82 - 84 Belmore Street Pty Ltd was part of the Nassif family's Holdmark Property Group. It was placed into members voluntary liquidation in April 2012 following the completion of a large residential and commercial development at Meadowbank in November 2010.

According to Justice Black's judgment, the liquidators want to test the findings of colleague Mark Hutchins, who has had day-to-day carriage of the investigation into the company's affairs. The judge was careful to point out that Hutchins' conclusions do not amount to proof.

"Mr Hutchins ....... leads evidence that indicates the scale of the relevant development, involving the sale of 348 units, with a total sale price in excess of $163 million, and he refers to sales to related parties at which, on his understanding (in evidence which was admitted as limited to his understanding), was at an undervalue," Justice Black said.

"Mr Hutchins sets out, at some length, the relationships between the relevant individuals who are examinees and the companies within the Holdmark Group and also refers to the position as to caveats which have been lodged by the liquidators over several units.

"Mr Hutchins also gives evidence as to the position of the Australian Taxation Office (ATO) which has, as I noted above, lodged a proof of debt for $1.285 million and then indicates (in evidence also admitted as evidence of his understanding only) that the liquidators' investigations have led the liquidators to believe that the Company did not pay tax in respect of sales of units exceeding $173 million in value.

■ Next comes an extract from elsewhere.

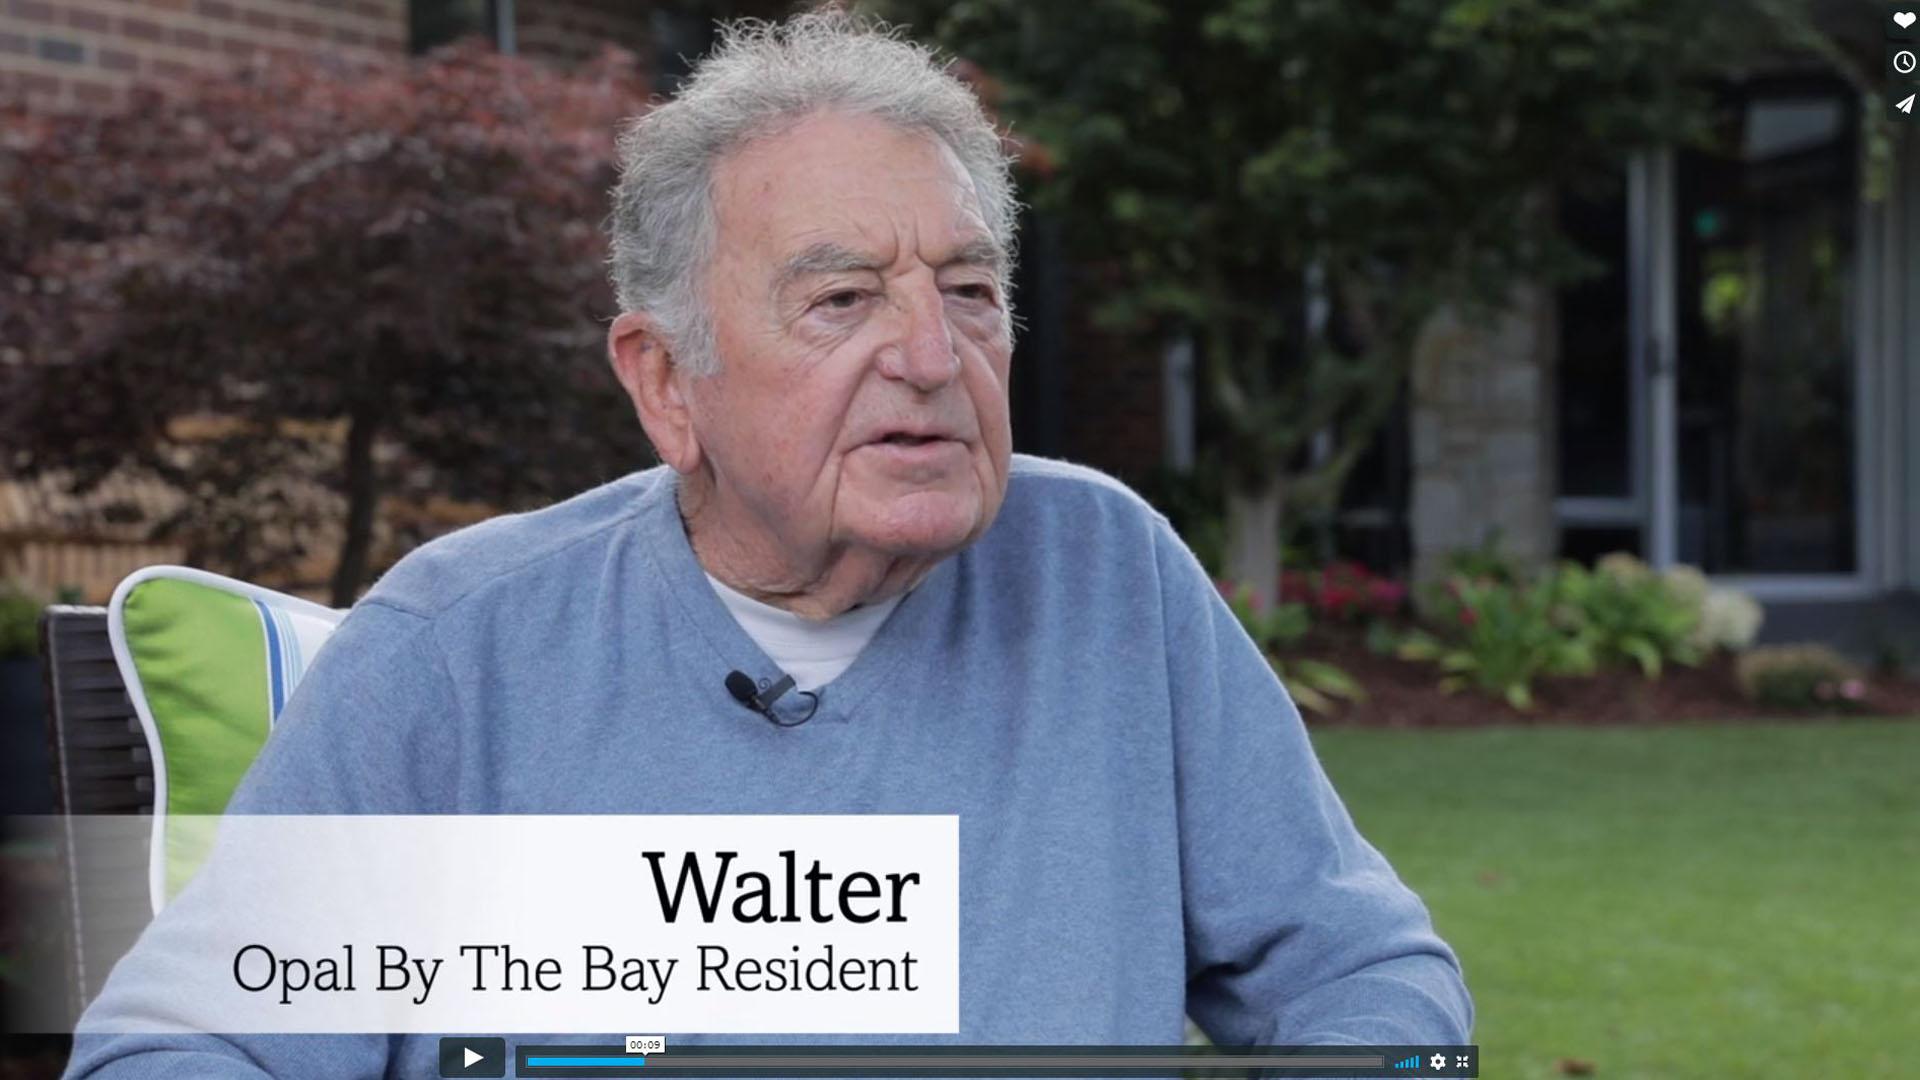 Walter's story

"I am conscious, of course, that that is not proof of the relevant fact, but that understanding itself indicates why a liquidator might well understand that the proper performance of his duties required the conduct of liquidators' examinations in a matter of this kind," Justice Black said.

"Mr Hutchins also refers to different calculations of liability for income tax of the Company by its accountant, of $1.9 million, and by the liquidators in excess of $10 million. He refers to service of a clearance notice by the ATO indicating an estimated claim of $32 million although Ms Nolan (for the applicants) points out, and I accept, that this service of that notice is not proof of the fact," Justice Black said.

It should be noted that Nassif also disputes the ATO's claim, which is being contested as the tax office continues the audit it commenced in 2013.

Nassif argued that given the dispute with the ATO could result in there being no creditors prepared to claim in the liquidation, the liquidators' were not justified in incurring the costs of the examinations. Questions SiN put to the liquidators about the size of their fees - estimated by Nassif's advisors at at least $300,000 - were not responded to.

Meanwhile the ATO has obtained undertakings from Nassif and "associated parties" agreeing not to dissipate assets.